Researchers at New York University have developed a method to direct the assembly of microscopic particles into crystals using light. This technique, detailed in the journal Chem, allows for real-time control over crystal growth and dissolution. The approach could enable new responsive materials for applications in optics and photonics.
Crystals form the basis of many natural and technological structures, from snowflakes to silicon in electronics. However, precisely controlling their formation has been challenging, as particles typically assemble on their own terms.
A team led by Stefano Sacanna, professor of chemistry at NYU, addressed this by introducing light-sensitive molecules called photoacids into a liquid suspension of colloidal particles. These tiny spheres mimic atomic arrangements in crystals and are used in sensors and lasers. When light hits the photoacids, they become more acidic, altering the particles' surface charges and thus their attraction or repulsion.
"Essentially, we used light as a remote control to program how matter organizes itself at the microscale," Sacanna said.

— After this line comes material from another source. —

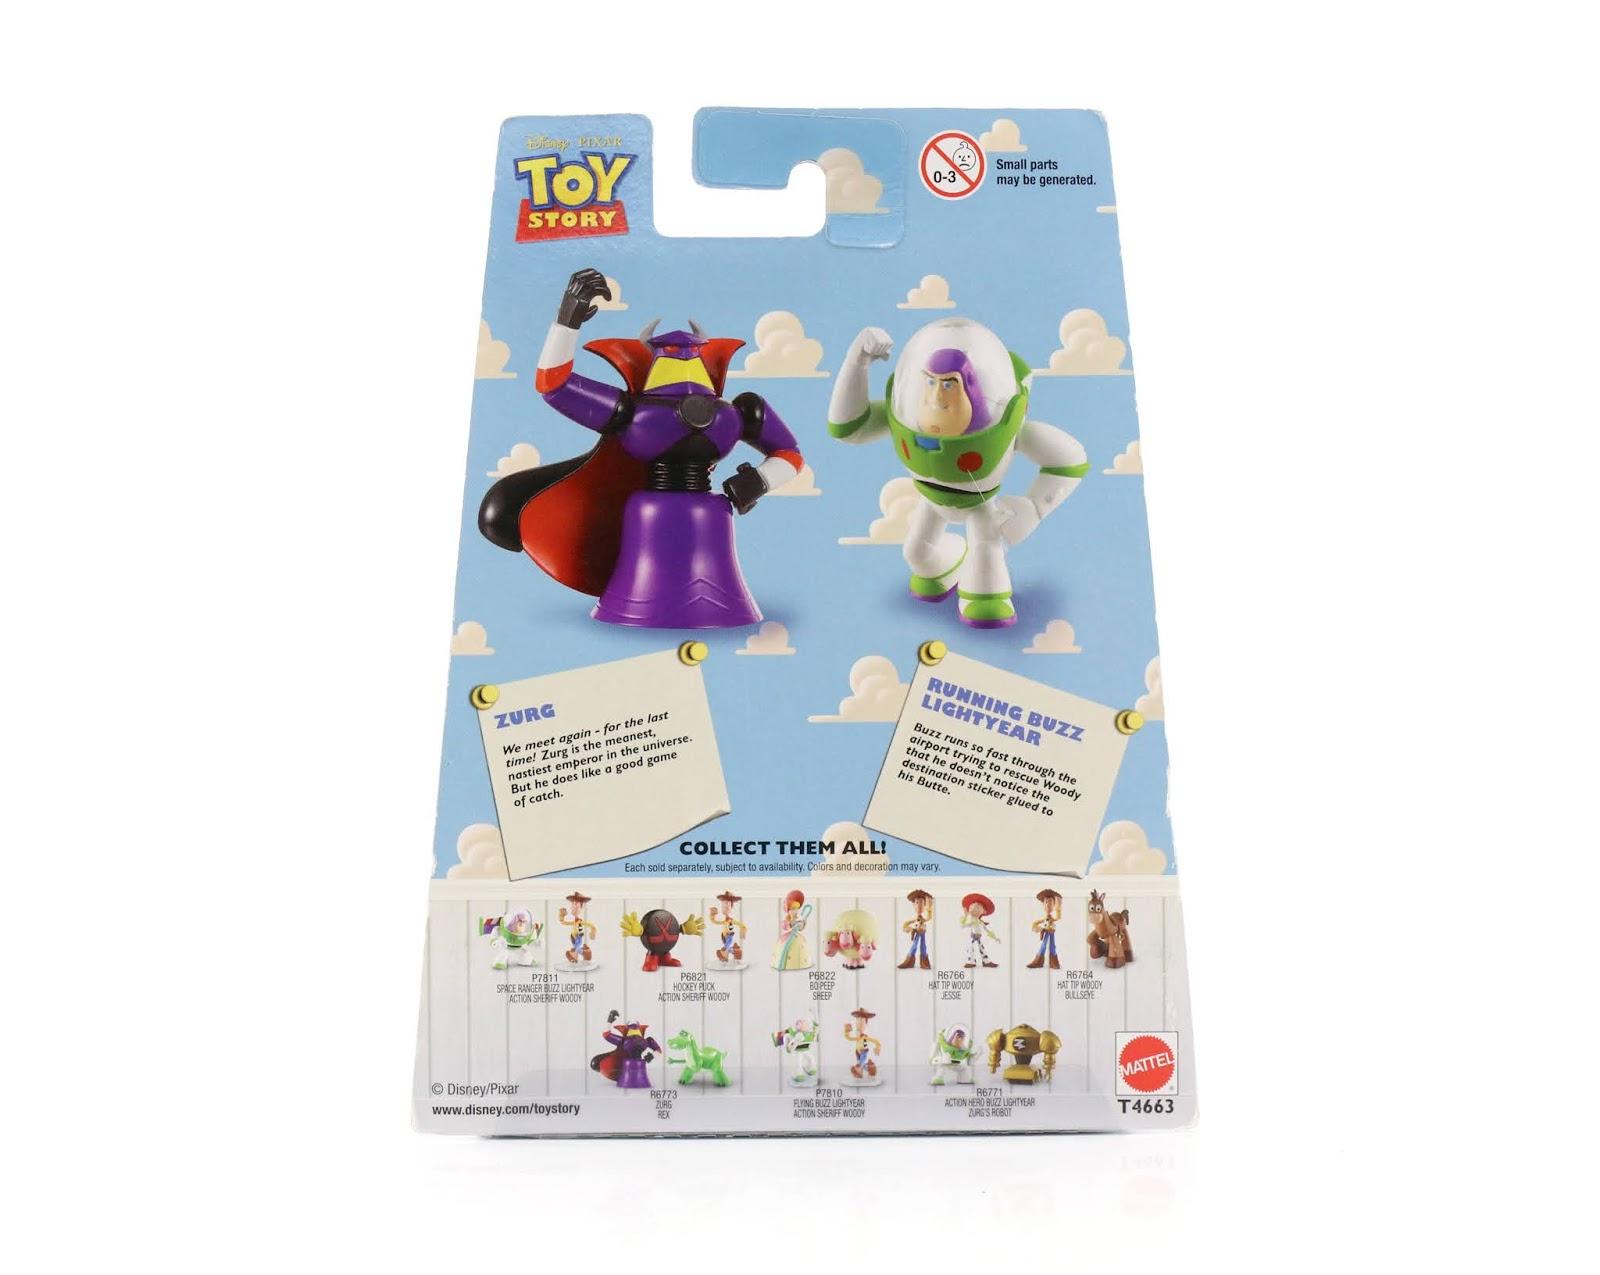 toy story buddy pack running buzz lightyear

Experiments and simulations showed that varying light intensity, duration, or pattern enables precise manipulation. Researchers could trigger crystal formation, melt existing ones, reshape structures, or create uniform larger assemblies. Steven van Kesteren, a former postdoctoral researcher in Sacanna's lab now at ETH Zürich, noted: "Just turning the light up or down a little made the difference between the particle fully sticking or being fully free."

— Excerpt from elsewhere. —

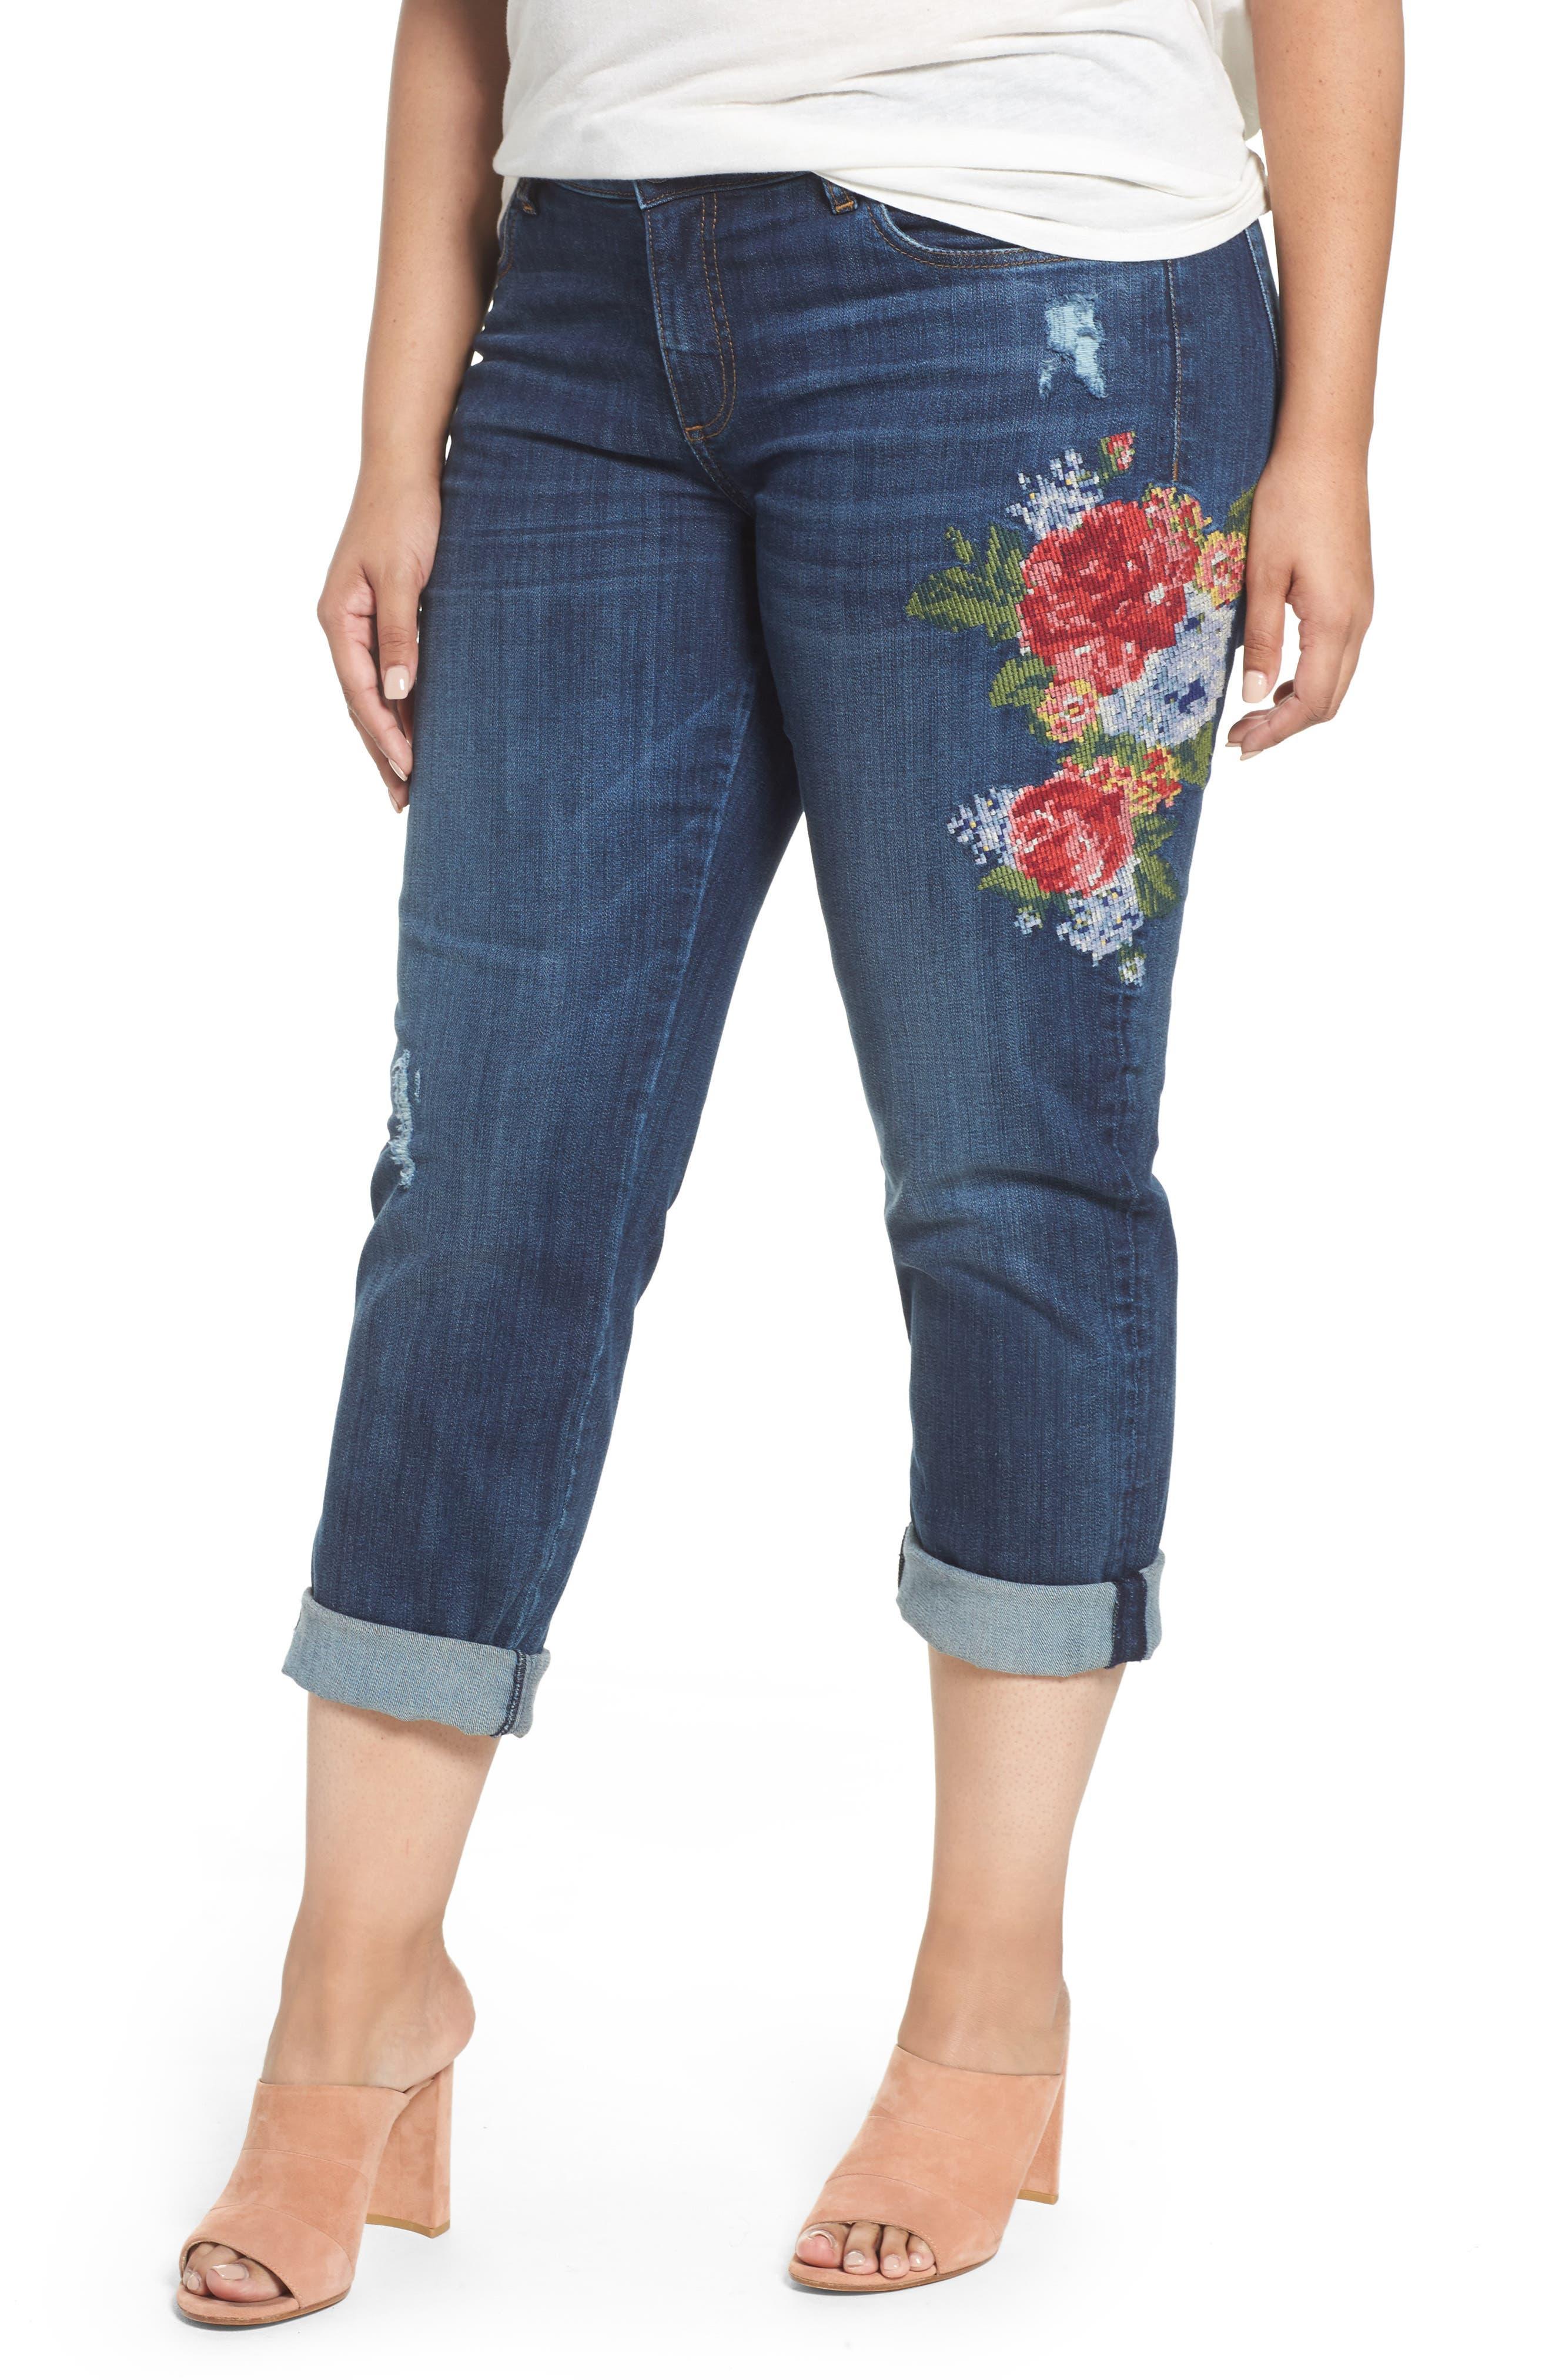 KUT from the Kloth Catherine Embroidered Boyfriend Jeans (Premier Dark) (Plus Size)

The method operates in a single "one-pot" setup, reversibly assembling and disassembling particles without altering other conditions. This simplicity stems from light's ease of control, allowing complex behaviors like selectively dissolving specific crystal regions.

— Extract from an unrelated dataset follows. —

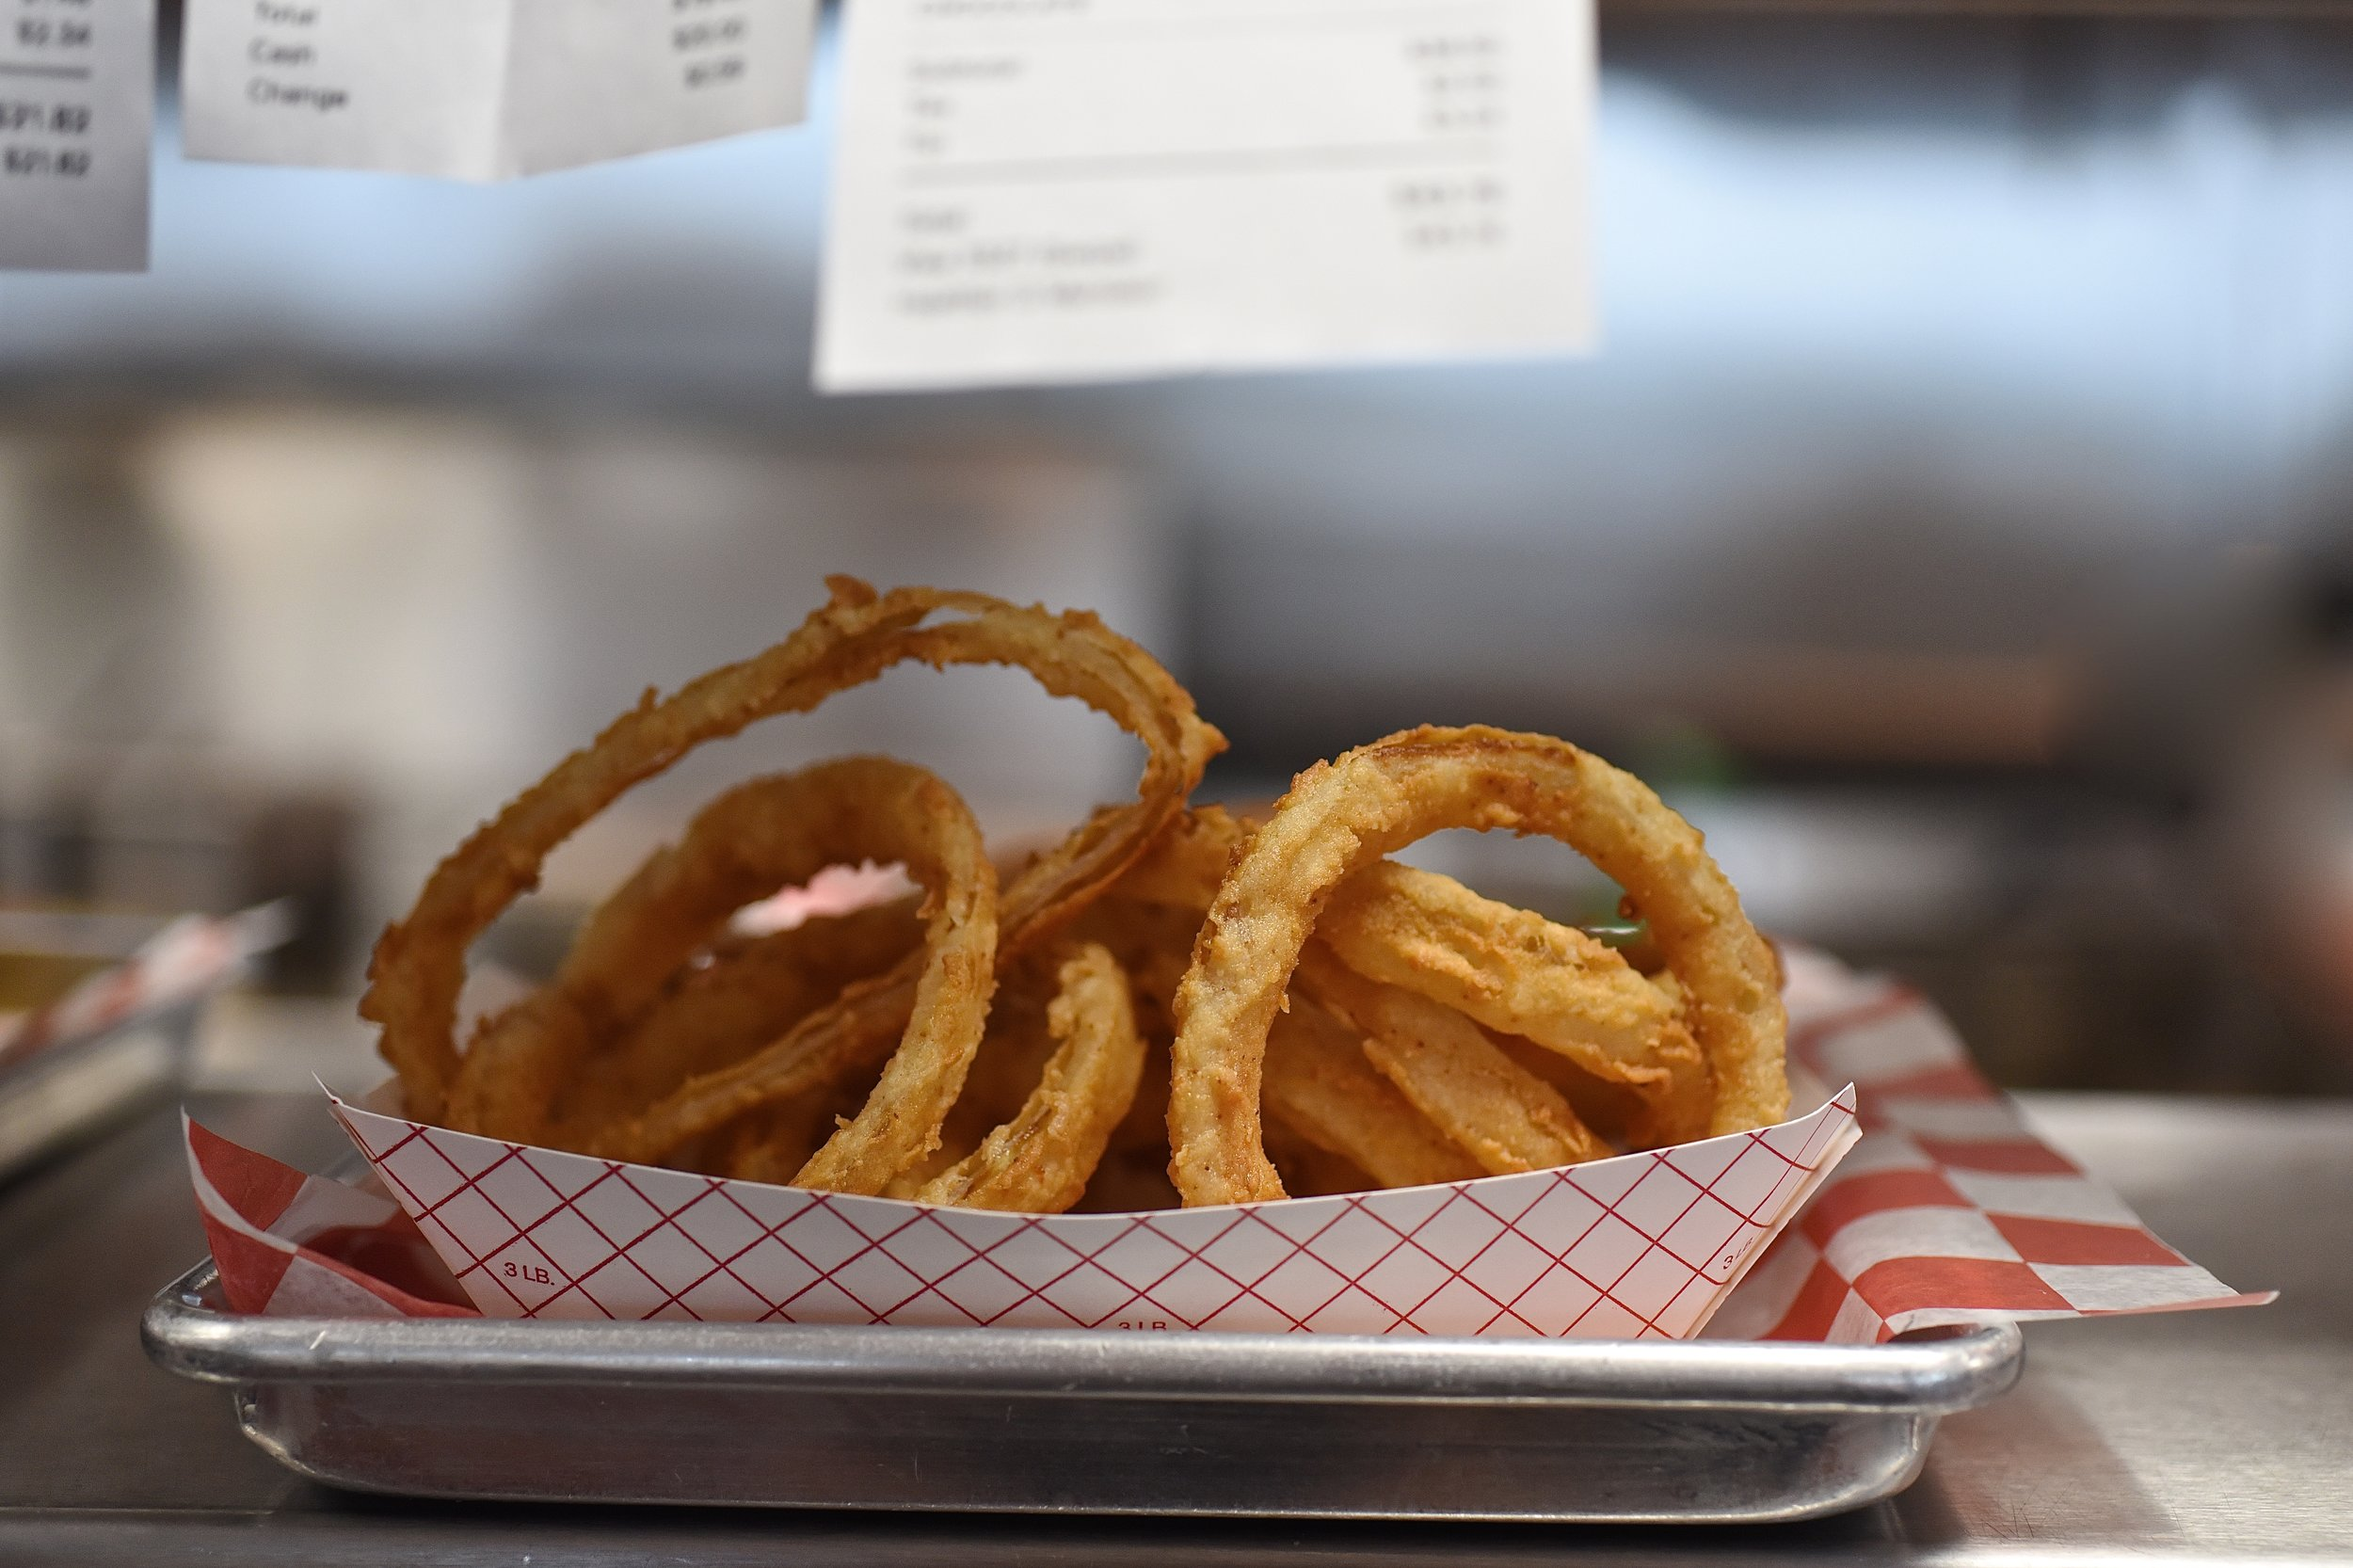 Onion Rings by Kimberly Park (2).JPG

The work, supported by the US Army Research Office, Swiss National Science Foundation, and NYU's Simons Center, points to light-programmable materials. Glen Hocky, associate professor of chemistry at NYU, said: "Our approach brings us closer to dynamic, programmable colloidal materials that can be reconfigured on demand."
Additional authors include Nicole Smina, Shihao Zang, and Cheuk Wai Leung, all from NYU.